Помню, что у левой стены стоял крепкий старинный буфет. Всё еще можно было ощущать запах то ли свежих марципанов, то ли конфет Kalev внутри его просторных ящиков – я не постеснялась заглянуть в один из них.

Для неискушенного зрителя картина представлялась ошибочно монолитной и неоспоримо верно идентифицировалась как «старина», «история», «наследие». Конечно же, мебель и детали в комнате были не новы – в этом и крылась суть. Стены, двери и печь могли бы бесконечно долго рассказывать заинтересованному гостю о событиях шести веков, свидетелями которых они невольно стали. Здесь всё дышало непреодолимым желанием поведать о пережитом, бросало вызов любопытству своими сколами, шероховатостями и потёртостями. Каждая вещь конкурировала с другой за право быть услышанной. Эпохи дарили интерьеру свои символы и уходили безвозвратно, как и люди, жившие на этажах здания. Я оглядела комнату, еще раз выглянула за окно и влюбилась так, как можно влюбляться только в города. Безотчётно. Безвозвратно. Бессмысленно.

Мой молодой человек имел удивительную способность располагать к себе людей и был очень общительным. Однажды, пока я принимала душ, он вышел из номера, желая осмотреться. За стойкой регистрации сидела всё та же девушка. У них завязалась беседа.

После душа я завернулась в пушистый гостиничный банный халат. В отдалении слышались голоса – не захлопнутая дверь в номер приоткрылась сквозняком. Я спустилась на пол-этажа вниз и присоединилась к их разговору. Оказалось, что наша администратор – русская, родилась в Санкт-Петербурге, но планировала получать образование в Тартуском университете. Она учила язык и жила в стране вот уже 9 месяцев по рабочему разрешению на пребывание. Новоявленная эмигрантка мечтала открыть собственную гостиницу, и ей, действительно, нравилось осваивать этот бизнес с азов.

Был промозглый балтийский январь. На мощеные улочки Старого города уже опустились сумерки. Мы провели вечер за разговорами: сначала втроём, а затем наедине с моим спутником, его общительностью и в состоянии влюблённости в город, конфеты Kalev, новые встречи и вечер без посторонних глаз.

На следующий день мы посетили Толстую Маргариту. Я стала безоговорочно симпатизировать этой каменной даме с пышными формами. Её романтическая история была о любви на расстоянии. Говорят, секрет крепких многовековых отношений Толстой Маргариты и Длинного Германа (название ещё одной башни Старого города) – полтора километра между ними. Полторы тысячи метров не позволили стать им достаточно близкими, чтобы разглядеть недостатки друг друга. Если отношения башен и мог бы разрушить некий каменно-бойничный быт, то на качестве их союза он не сказалась. И всё-таки «большое видится на расстоянии»[3 - Сергей Есенин]…

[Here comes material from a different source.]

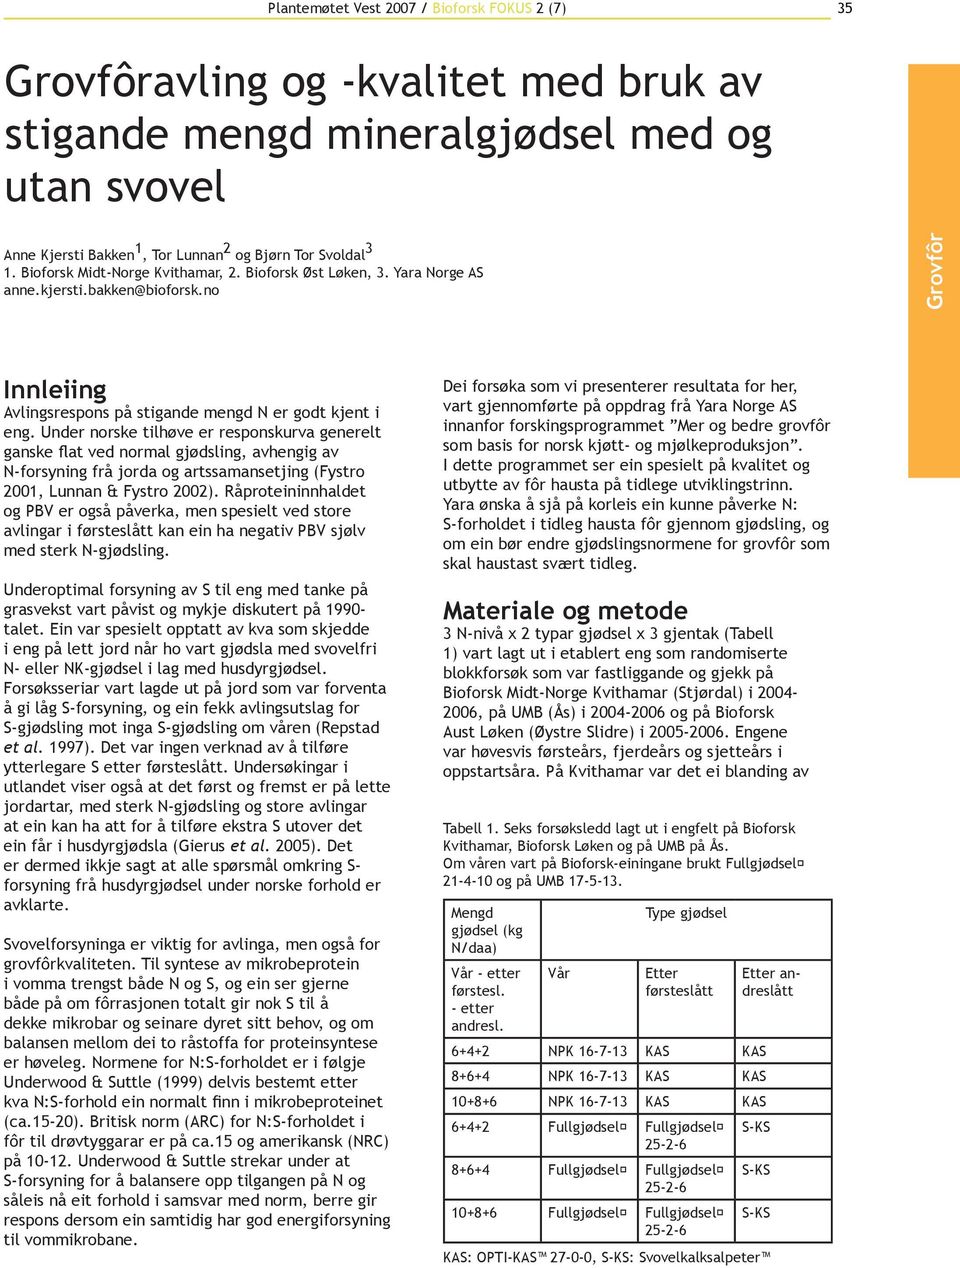 Under norske tilhøve er responskurva generelt ganske flat ved normal gjødsling, avhengig av N-forsyning frå jorda og artssamansetjing (Fystro 2001, Lunnan & Fystro 2002).

Кстати, с молодым человеком мы расстались вскоре после поездки. Его коммуникабельность и дар легко заводить знакомства разного рода сыграли с нами злую шутку. Он слишком быстро сокращал дистанцию в общении с противоположным полом. Эти качества были мало совместимы со способностью хранить выбранному партнёру верность.

В следующую поездку в Таллин я провела с девушкой со стойки администрации, её тетрадями по эстонскому и видением города несколько дней. Она предложила пожить в её съёмной квартире, арендованной у пожилой русской пары. Супруги обосновались в Эстонии со времен СССР. Они разрешили квартирантке заселиться вместе с кошкой, приехавшей с ней из родного Санкт-Петербурга. Своим решением о смене места жительства мы ставим наших близких перед множеством выборов и новых обстоятельств – достаётся даже питомцам. Животное тяжело переживало стресс и стало страдать слабостью мочевого пузыря. Кошка оставляла едкие желтоватые капли везде, куда могла залезть. На моё замечание о запахе девушка ответила, что вся Эстония пропахла приторными марципанами. Она их ненавидела, поэтому была рада возвращаться вечерами к терпкому, но не сладкому запаху продуктов жизнедеятельности питомца. Думаю, что она говорила не искренне, но любовь к кошке не могла не оправдывать её лукавства. Хозяева квартиры запаха мочи не чувствовали, видимо, потеряв с возрастом обоняние.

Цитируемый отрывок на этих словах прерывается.